新キャプテン宮間にWの重圧

2012年03月29日 14時00分

 新キャプテンに最大の試練が訪れた。日本サッカー協会は23日、キリンチャレンジカップ米国戦(1日、仙台)とブラジル戦(5日、神戸)に臨むなでしこジャパンのメンバーを発表。「良性発作性頭位めまい症」で離脱中のMF沢穂希(33=INAC神戸)が外れた。その余波が新主将のMF宮間あや(27=岡山湯郷)を直撃。ピッチ内外で大きな重圧を背負うことになった。

 大きな誤算だった。世界ランク1位米国と同4位ブラジルとの対戦に向け「ベストメンバーで戦いたい」と話していた佐々木則夫監督(53)の思惑は外れた。守備の要DF岩清水梓(25=日テレ)が故障で不参加となり、エース沢も病状が回復しないため、代表招集を断念したからだ。
 ロンドン五輪に向けたテストはアルガルベカップ(3月、ポルトガル)で終了する予定だったが「今回も新たな選手にチャンスを与える」(佐々木監督)と方針転換するしかなかった。沢不在の余波が各方面に広がる中、最大の影響を受けるのは主将の宮間だ。


 佐々木監督から新キャプテンに正式指名された際、「沢とは違うチームを作り、さらにチームを成長させてほしい」との難題を突きつけられた宮間。

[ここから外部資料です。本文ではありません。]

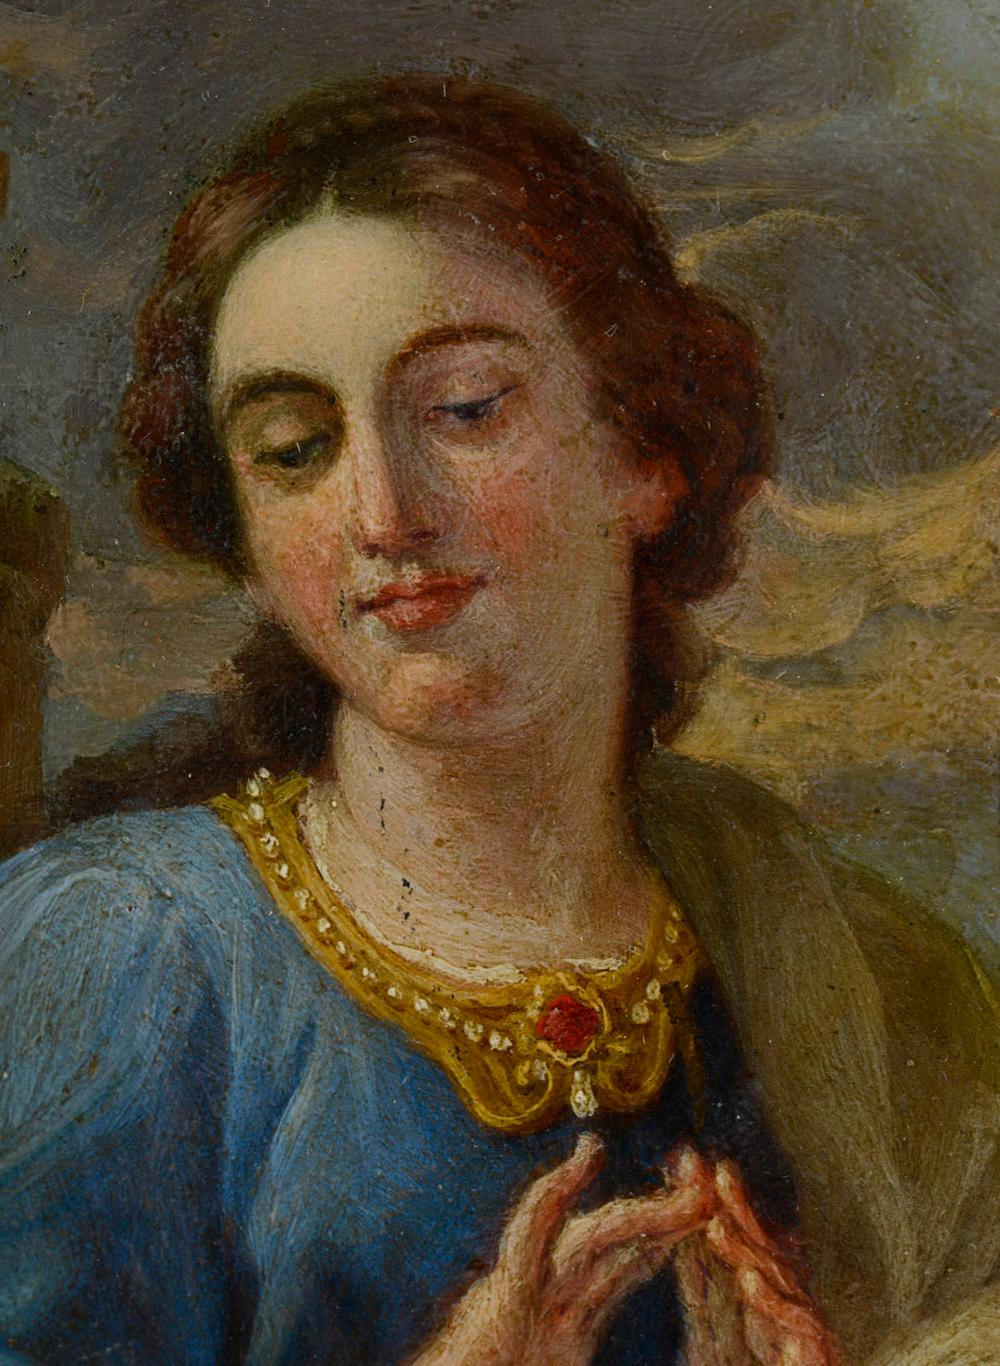 Stª Bárbara, séc. XVIII, Óleo s/cobre, 14,7x11,9cm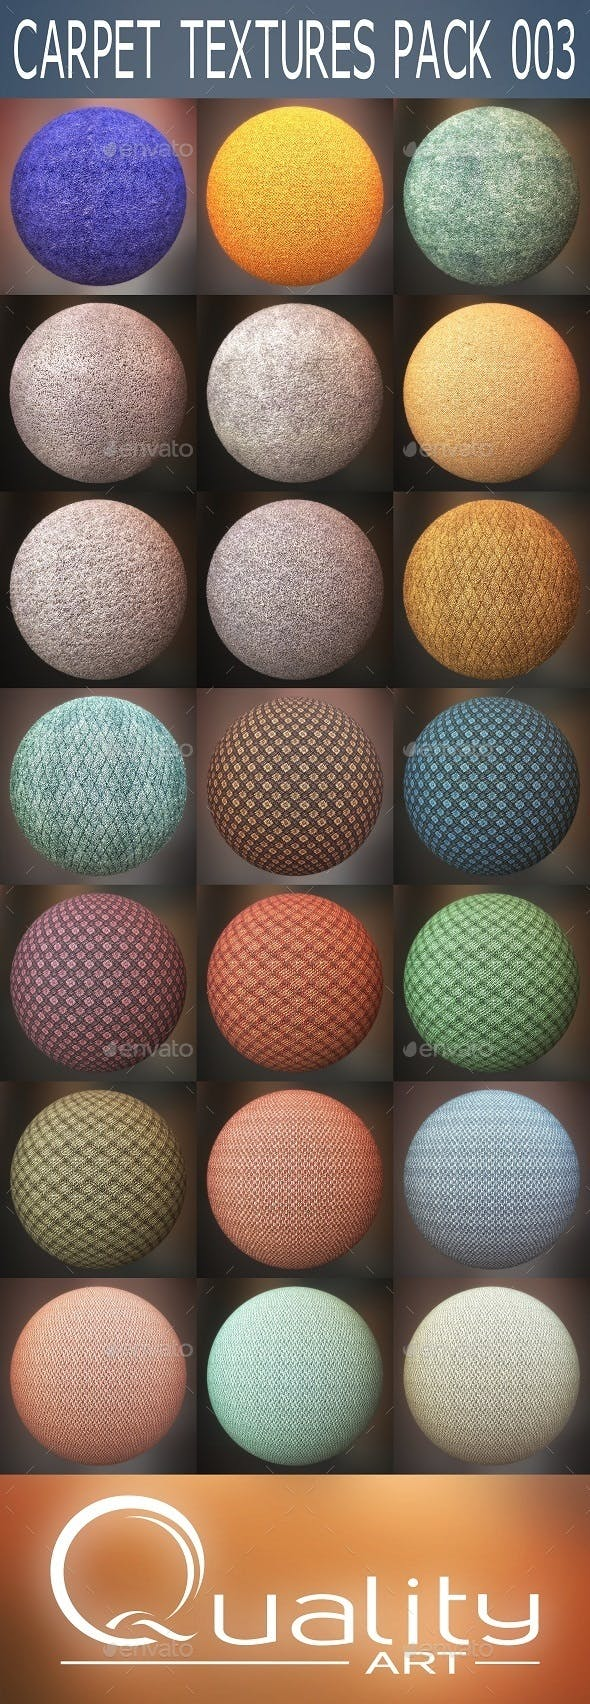 Carpet Textures Pack 003 - 3DOcean Item for Sale

 アルガルベ杯では積極的に動き、うまくチームをけん引したが、当時は沢の絶大なサポートを受けての成果でもあった。しかし今大会では、宮間一人でイレブンをケアし、チームを結束させなければならない。最大の理解者を失った新米キャプテンがどこまでチームをまとめ上げられるのか。大きな試練となるわけだ。


 また宮間はピッチ内でも沢の代役として守備的MFでプレーするが、協会幹部からは「あまり機能していない」と厳しい評価を受けている。アルガルベ杯ではボールを奪っても、位置が低いために効果的な攻撃に結びつけられなかった。宮間は「もう一段高いレベル」を目指すというが、不慣れなポジションとあって、世界MVP沢との差は歴然だ。


 沢復帰のめどが立たない中、宮間がどこまでその穴を埋められるのか。宮間の出来が、なでしこジャパンの金メダル取りに大きな影響を与えることになる。